## YOUR OBJECTIVE
The output should be the listing below, limited to the lines from the one with "concerti lume candela" through the one with "Puglia Restaurant Kingsland", exact and without pictures.

## WORKING DATA
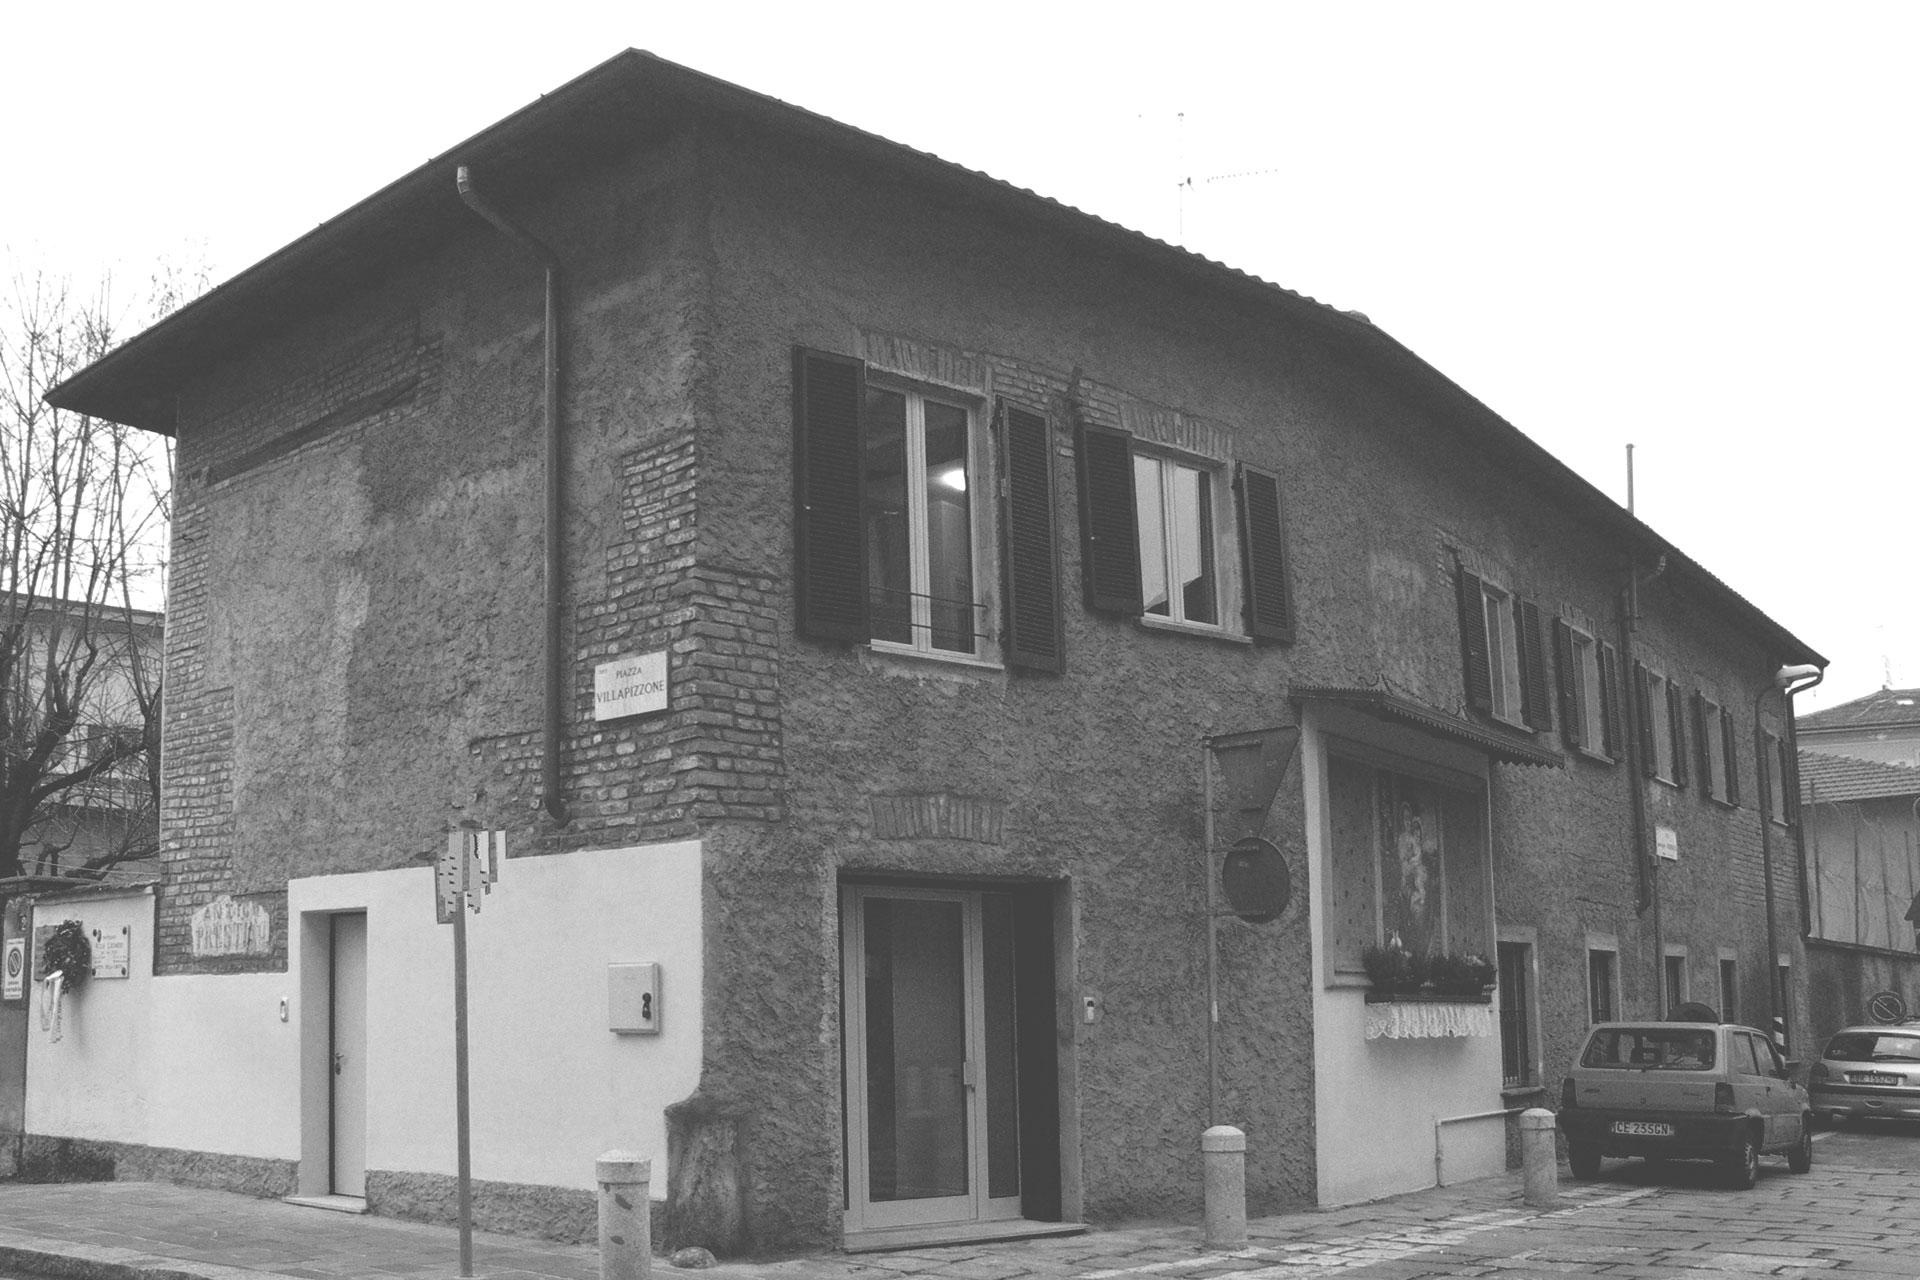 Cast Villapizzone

---

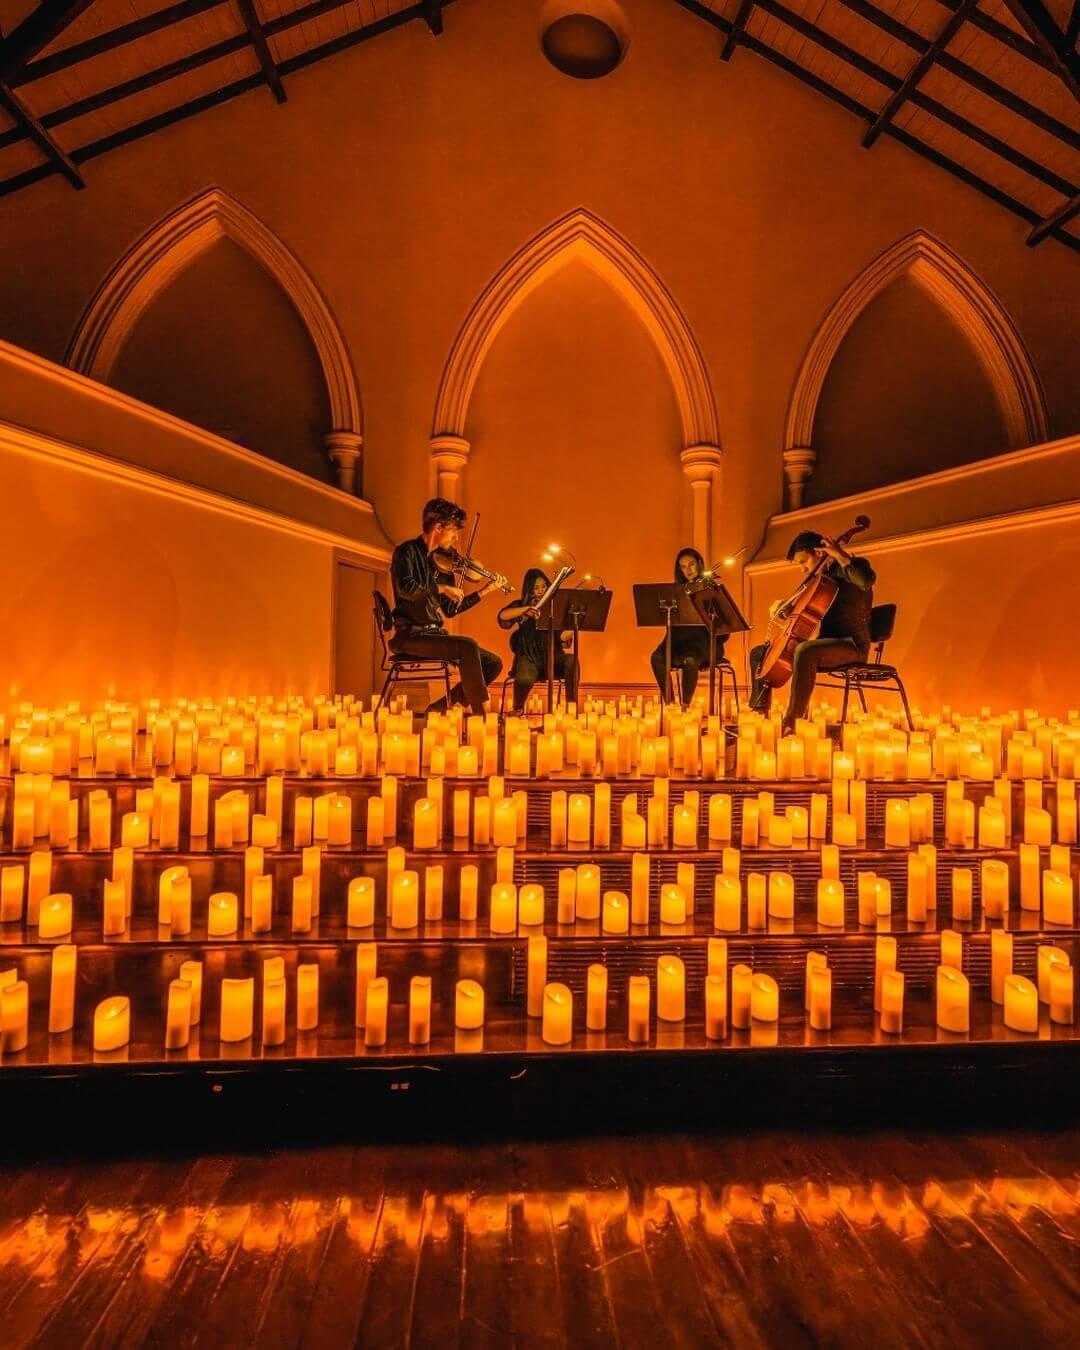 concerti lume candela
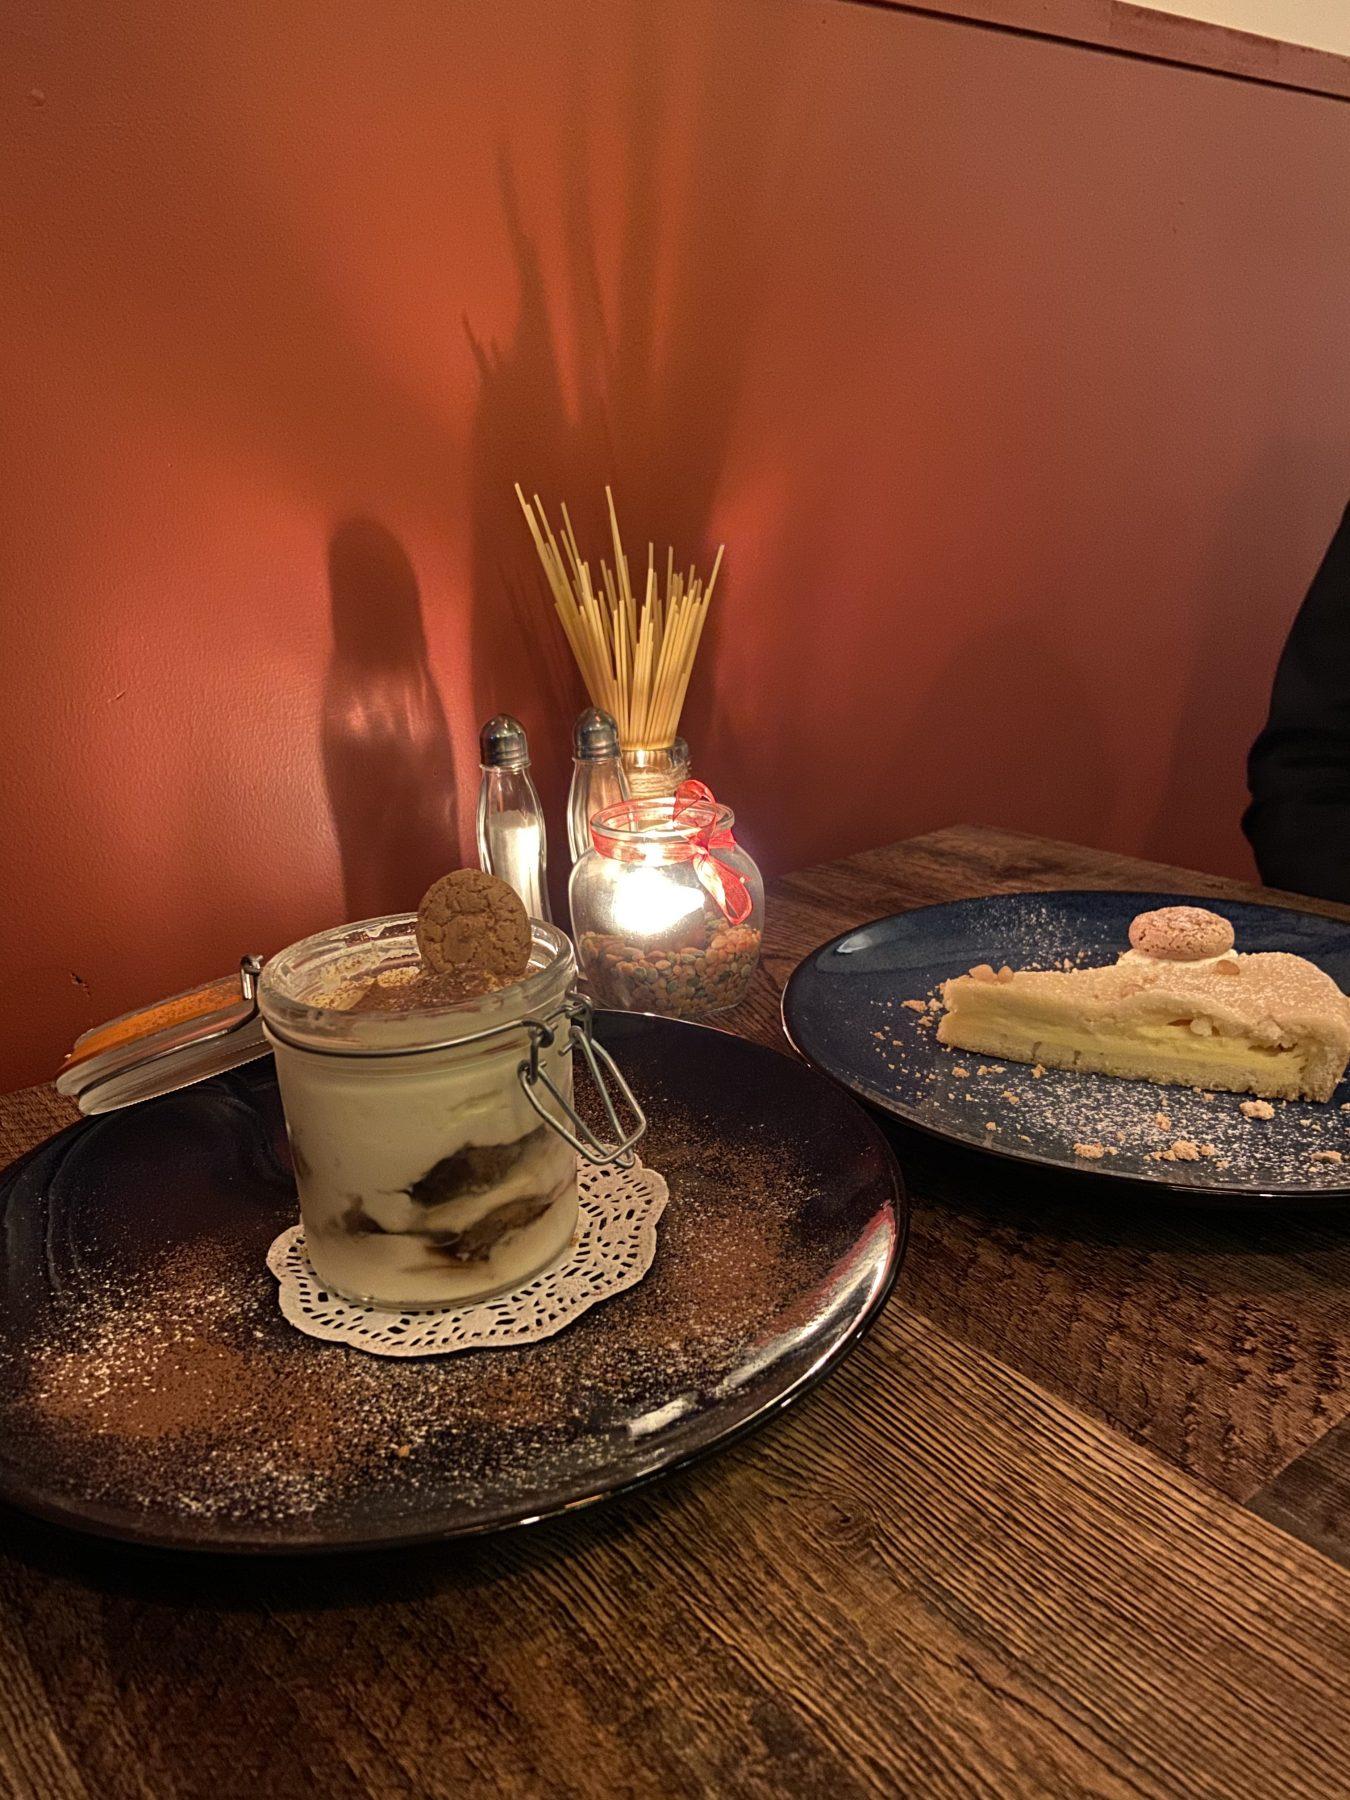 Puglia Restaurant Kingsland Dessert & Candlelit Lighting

## RESULT
 concerti lume candela
 Puglia Restaurant Kingsland Dessert & Candlelit Lighting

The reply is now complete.